A pride in evil hugged its wretchedness;
A misery haunting splendour pressed those fell
Dun suburbs of the cities of dream-life.
There Life displayed to the spectator soul
The shadow depths of her strange miracle.
A strong and fallen goddess without hope,
Obscured, deformed by some dire Gorgon spell,
As might a harlot empress in a bouge,
Nude, unashamed, exulting she upraised
Her evil face of perilous beauty and charm
And, drawing panic to a shuddering kiss
Twixt the magnificence of her fatal breasts,
Allured to their abyss the spirit’s fall.
Across his field of sight she multiplied
As on a scenic film or moving plate
The implacable splendour of her nightmare pomps.
Bk 2, Canto 7, p. 211-212
It’s a terrible, terrible picture that Sri Aurobindo gives here. Very often people who have read something that Sri Aurobindo has said of the glorious dreams he has for mankind, quickly come to the conclusion that he knows nothing of the ugliness of this world―the squalor, the cruelty, the injustice of this world. They say, “He was there for 40 years in Pondicherry, in blissful retreat, lost in some kind of ecstasy. Whereas I, I have faced the world, I know its ugliness, its stupidities. How can you ever think of this great, bright, wonderful future that Sri Aurobindo dreams about if you really know the world.” It is very impressive oration so we must clap! People who say this should read Savitri, for some of the darkest, ugliest pictures of man, what he is capable of doing to his fellow men, are all found here. Savitri was not written by somebody who doesn’t know this world. The yogi who sat here in Pondicherry knew before the first atomic device was exploded even experimentally, what the explosion was going to bring. He has mentioned in a poem the devastation that nuclear power is going to bring. Because if you are yogi and you sit here, you can see New York, you can see Paris. A yogi doesn’t have to go there.

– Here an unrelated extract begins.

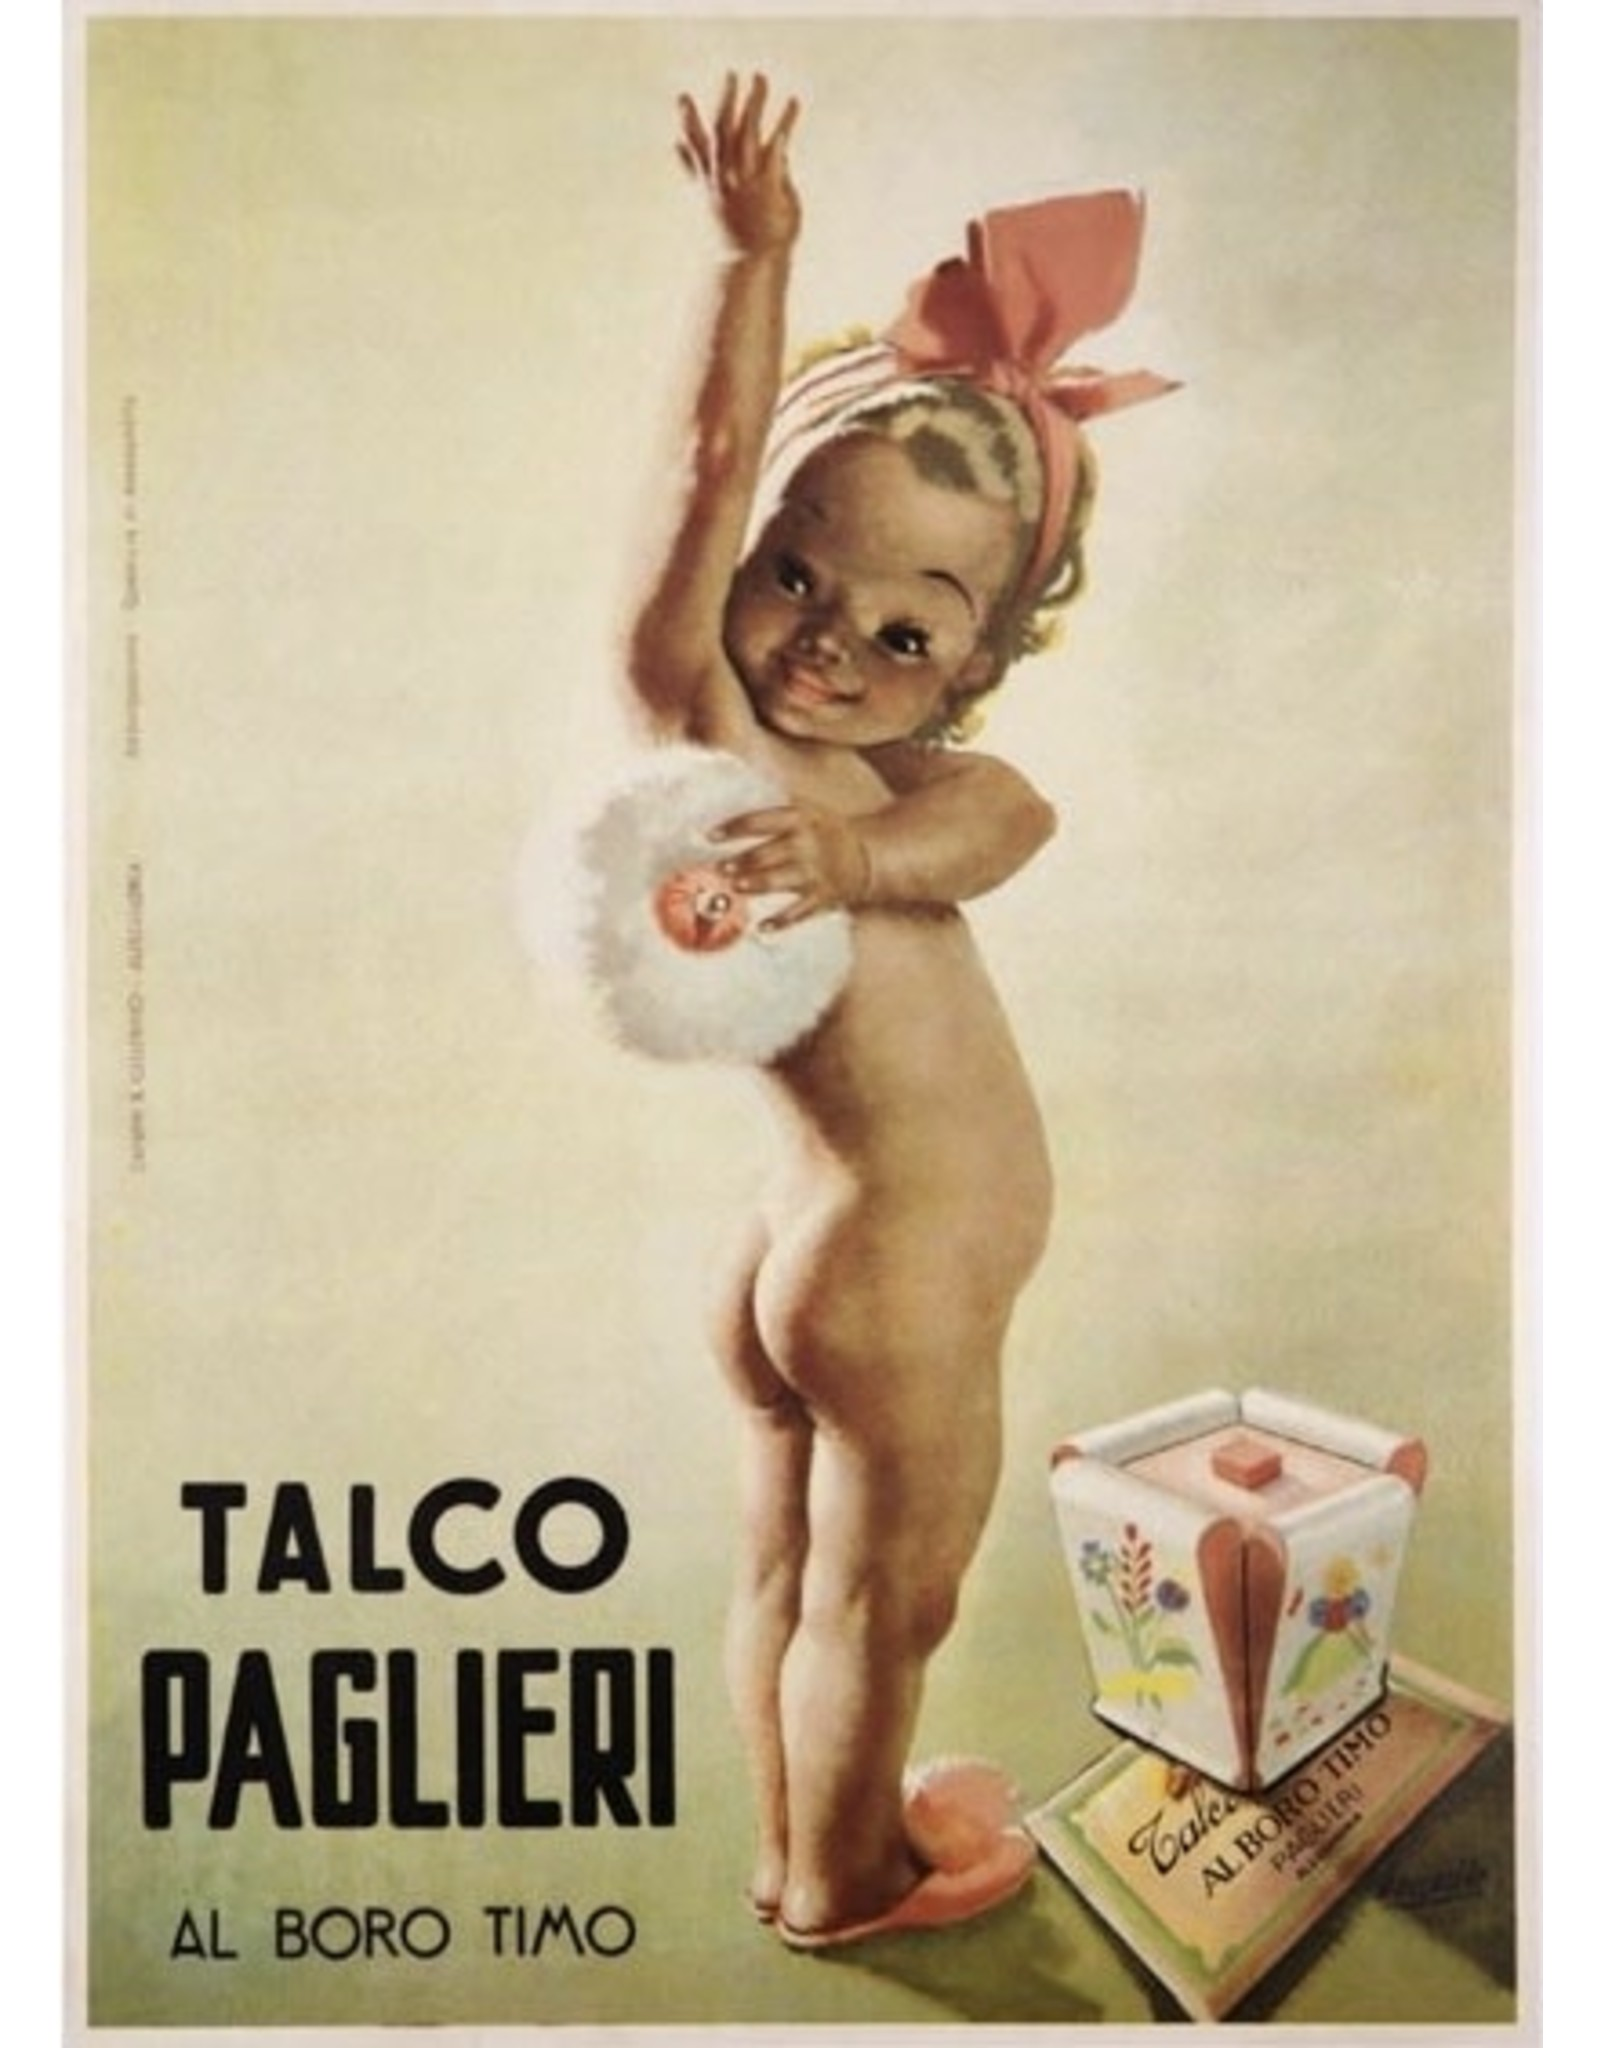 SPV Talco Paglieri Perfume poster 1950 by Gino Boccasile original vintage poster on linen

So Sri Aurobindo, when he talked about the glorious dreams of man, never forgot how limited man is, how beast-like he is. He knew all this, and yet he dared to hope, he dared to dream. And when he talked about the future, when he talked about the supramental consciousness, he says nothing on earth can prevent its advent. “I’m absolutely certain that it will come.” He says, “Even if the entire world were to say that I’m wasting my time I won’t be deterred. I am absolutely convinced that this dream is going to be one day a reality.” And he said this in spite of his knowledge of all the limitations of man, his tendency to hurt himself, to hurt his fellow man.

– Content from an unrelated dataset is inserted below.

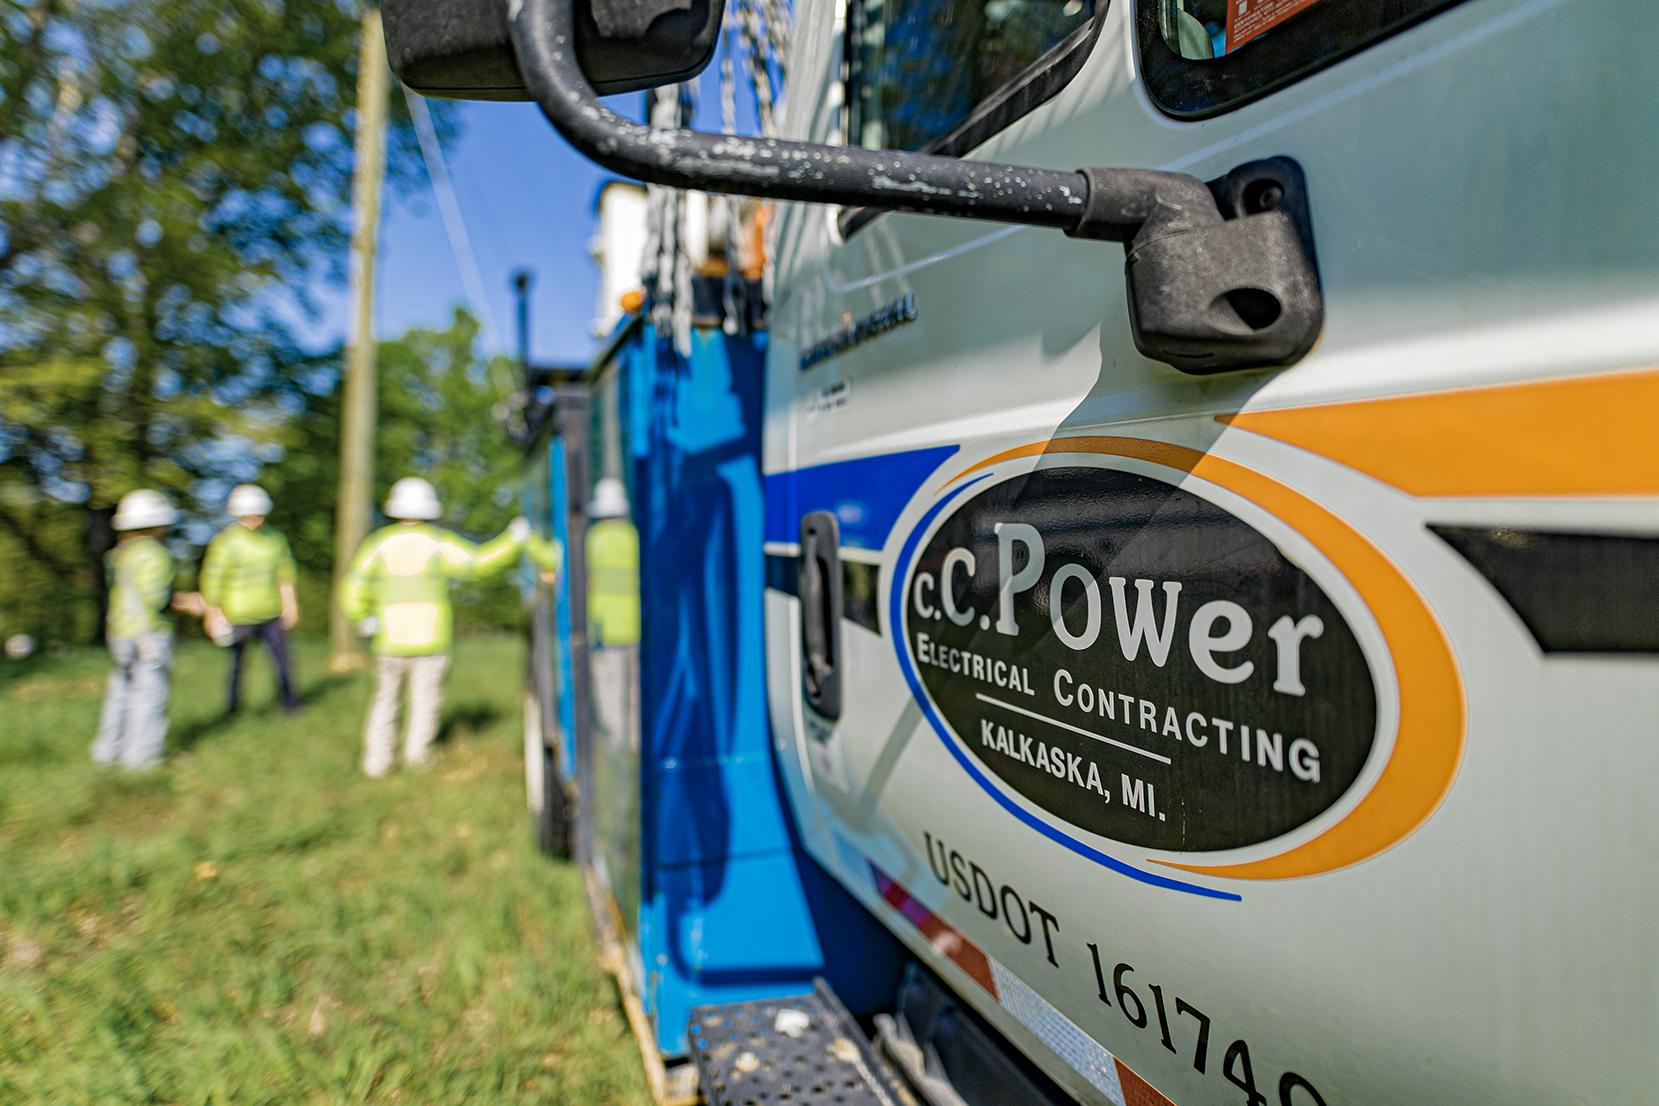 underground electrical contractors

Wasn’t Sri Aurobindo the very first person who knew what Hitler was, wasn’t he the first statesman who cautioned the whole world at that time? He said, “this is a representative of the asura; this man must be defeated.” The national leaders at that time thought the British were our enemies, and Hitler was our enemy’s enemy, so common sense tells you that your enemy’s enemy is your friend. But Sri Aurobindo made a token contribution to the war effort. He asked his disciples, whoever could, to join the war effort. Many people joined as doctors and engineers in the Second World War. And for those people who were here, he took great interest in detailed commentary about what was happening in the war, as if he himself was conducting the war. That is the kind of interest he had. He knew man’s limitations, he knew what Hitler was capable of doing, and yet he had his firm belief, a firm conviction, that man will transcend all these limitations—and Savitri is a token of his faith in man and his future.

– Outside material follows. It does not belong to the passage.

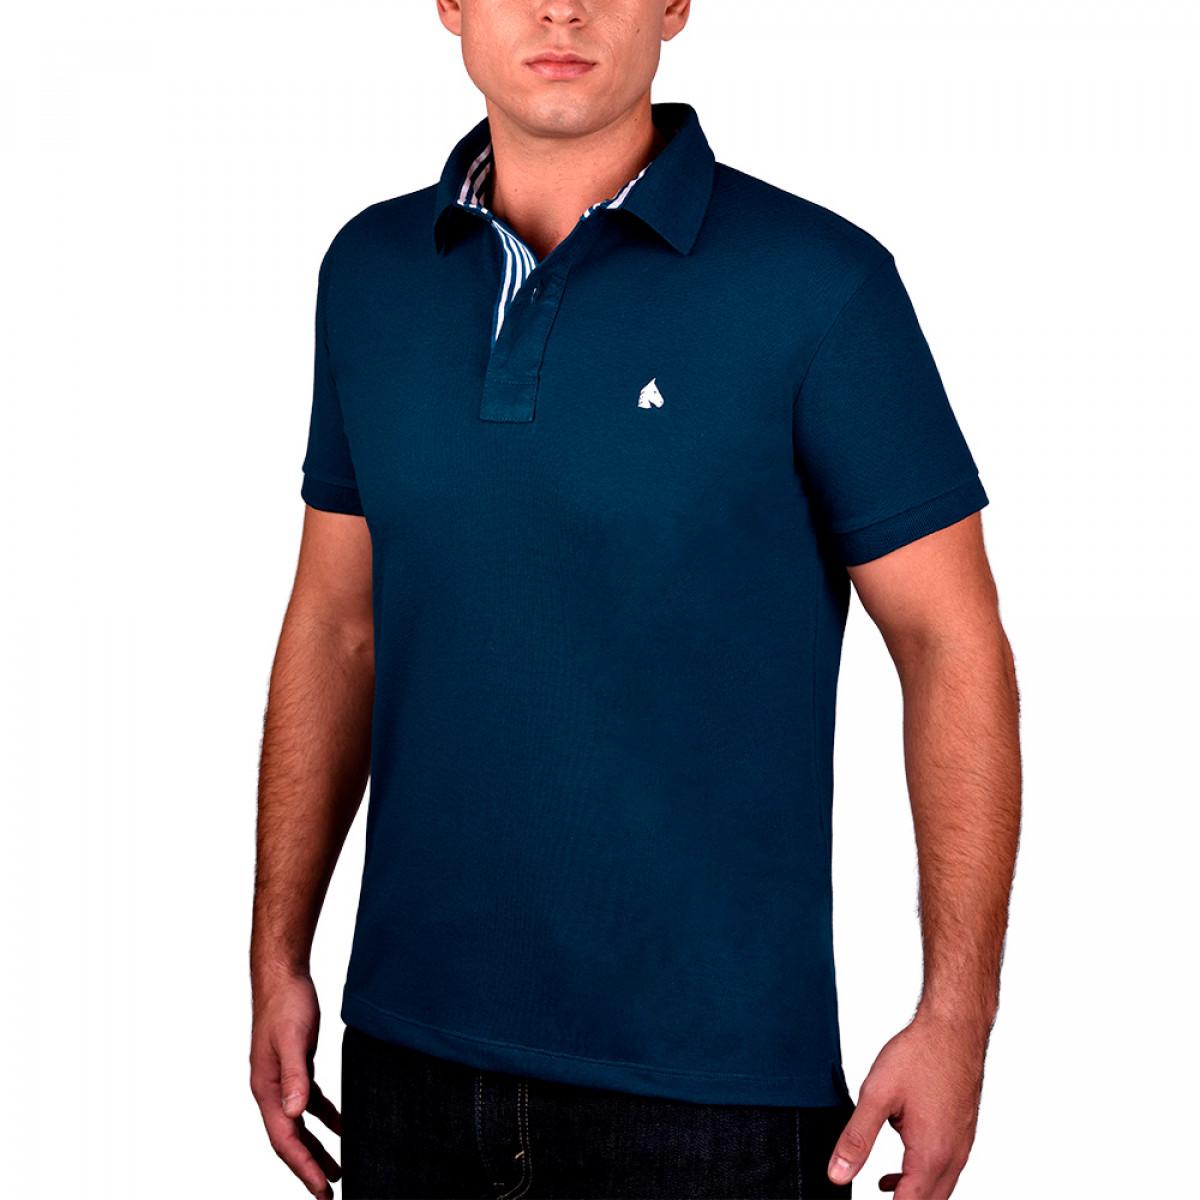 0d99297d9 Camisa Polo BF   MS Verde petróleo - BF   MS

These two passages, if you really read them—I didn’t spend time to explain them—they are horrid passages. You won’t find passages which give you such an ugly picture of man anywhere in literature. He is also capable of writing sublimely about man and his future, but he is not ignorant about man’s limitations.
After this, Aswapati comes to the world of the Mind, and there are wonderful passages which talk about reason, its strength and its weaknesses. Then Aswapati goes above the Mind to other worlds and finds there peace and joy, but not the power that is needed to solve the problem that confronts mankind. For that he has to go to the Supreme Divine Mother, the Transcendental Force.